OpenJurist

544 F2d 781 United States v. A Cohen

544 F.2d 781

77-1 USTC P 9128, 1 Fed. R. Evid. Serv. 570

UNITED STATES of America, Plaintiff-Appellee,
v.
Leon A. COHEN, Defendant-Appellant.

No. 75-3966.

United States Court of Appeals,
Fifth Circuit.

Jan. 3, 1977.

Taylor W. Jones, Atlanta, Ga., Ernest Morgan, San Marcos, Tex., for defendant-appellant.

John W. Stokes, U. S. Atty., Atlanta, Ga., Scott P. Crampton, Asst. Atty. Gen., Gilbert E. Andrews, Chief, App. Sec., Robert E. Lindsay, Daniel W. Schermer, Attys., Tax. Div., Dept. of Justice, Washington, D.C., for plaintiff-appellee.

Appeal from the United States District Court for the Northern District of Georgia.

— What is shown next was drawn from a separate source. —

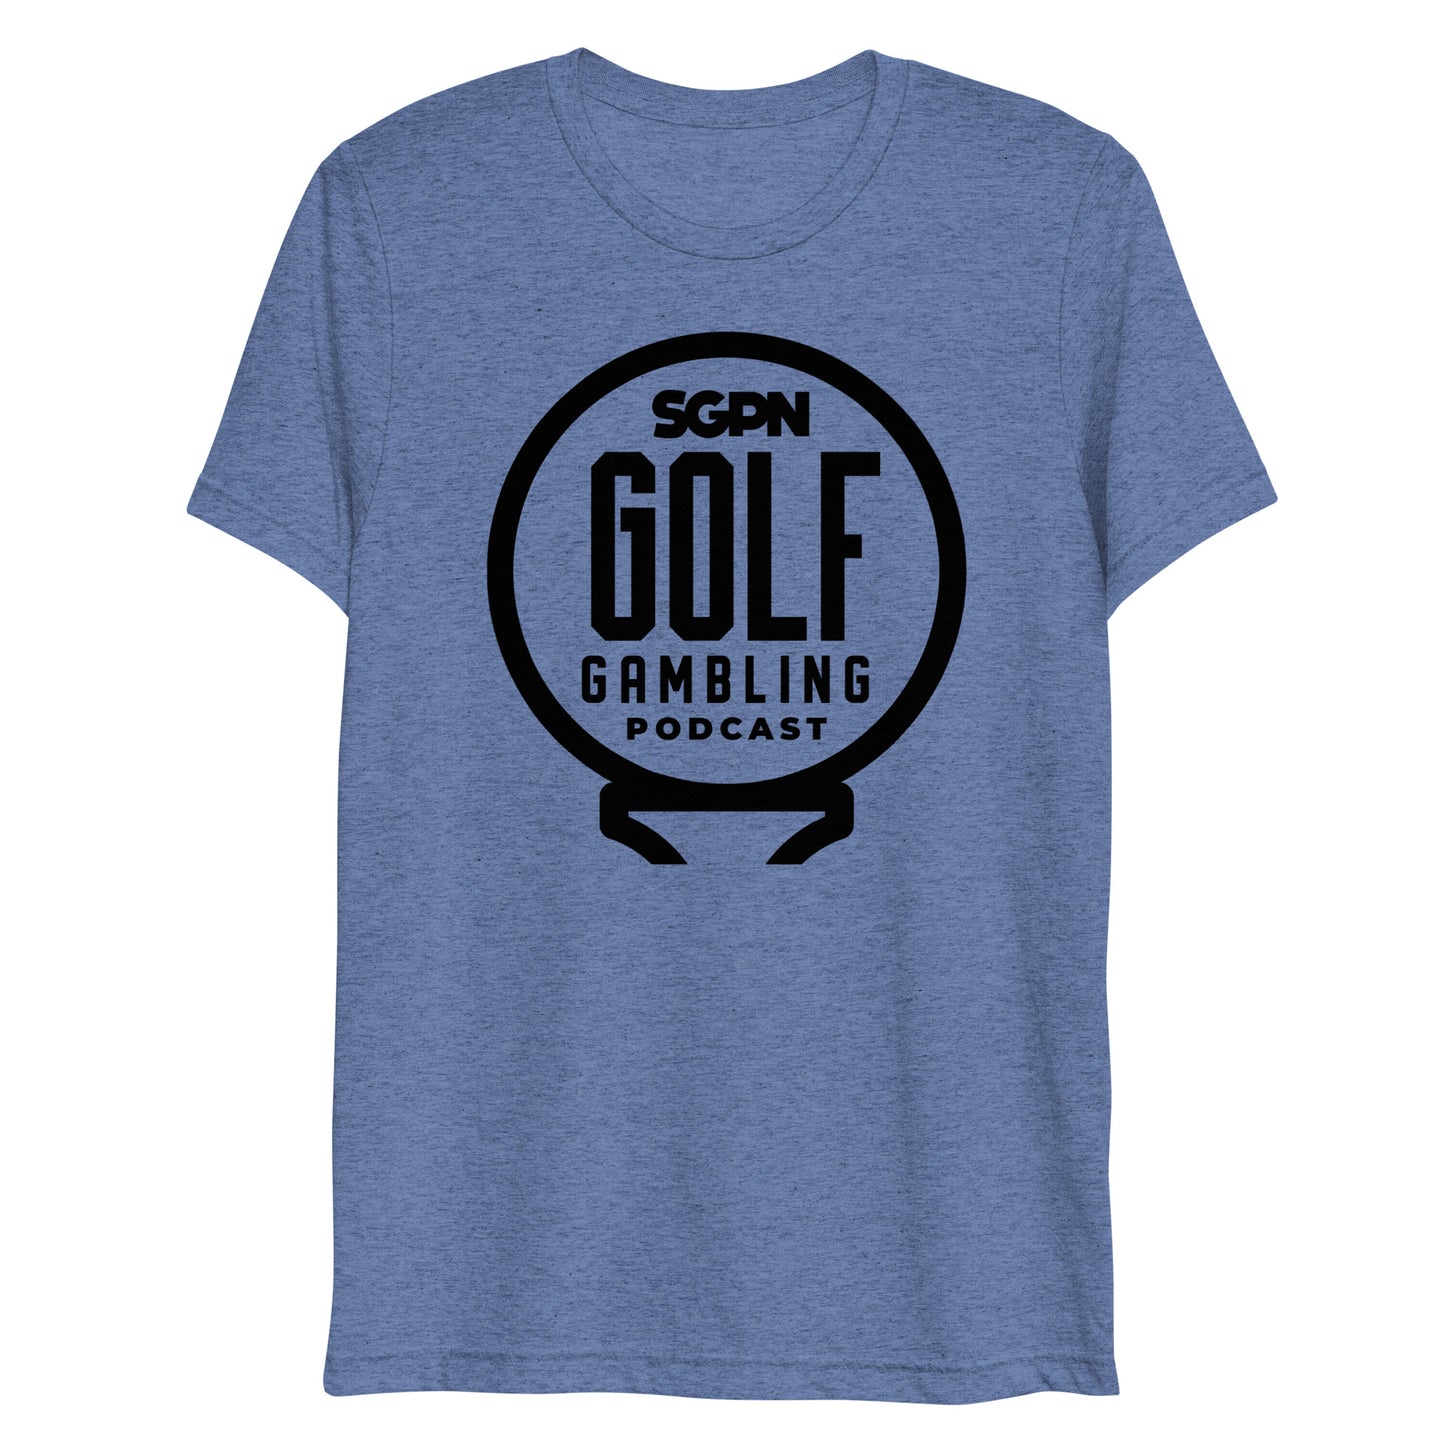 Golf Gambling Podcast Short sleeve t-shirt (Black Logo)

Before AINSWORTH and RONEY, Circuit Judges, and ALLGOOD, District Judge.

RONEY, Circuit Judge:

1

Defendant Leon A. Cohen appeals his conviction for filing with the Internal Revenue Service a Department of the Treasury Form 656, entitled "Offer in Compromise," containing materially false statements, in violation of 26 U.S.C.A. § 7206(1). Defendant asserts four errors on this appeal: (1) that there was a fatal variance between the proof offered and the offense alleged in the indictment and that the evidence was insufficient to show that his statements as to his assets were false; (2) that a last minute substitution of indictments worked an unfair deprivation of his right to be informed of the charges against him; (3) that the district court abused its discretion in ruling that a thirteen-year-old mail fraud conviction would be admissible to impeach the defendant if he chose to testify; and (4) that a five-year-old letter received in evidence was irrelevant and should have been excluded. Finding these claims without merit, we affirm.

2

On February 13, 1970, Cohen, who was over $150,000 delinquent in federal income tax payments, completed an Offer in Compromise form for submission to the Internal Revenue Service. He signed that document under a declaration stating that "I have examined this offer, including accompanying schedules and statements, and to the best of my knowledge and belief, it is true, correct, and complete." With that document he also filed a Statement of Financial Condition, which stated it was "as of" January 30, 1970. Neither document listed as assets three checks dated February 5, 1970 and payable to Cohen, in a total amount of $30,000. Defendant stated on the Offer in Compromise "I have no assets."

3

In September of 1974, a five-count indictment was returned against the defendant. The first four counts charged perjury in connection with false statements made on various income tax returns. The fifth count charged perjury in connection with the omission from the Offer in Compromise of various assets supposedly in defendant's possession. Approximately a week and a half before trial commenced, the Government, with the district court's permission, substituted a new count five, alleging solely the omission of the $30,000 in checks from the Offer in Compromise. Before the trial actually began, the Government then dismissed the four counts pertaining to false income tax returns. Defendant was tried and convicted solely for omitting the three checks worth $30,000 from the Offer in Compromise.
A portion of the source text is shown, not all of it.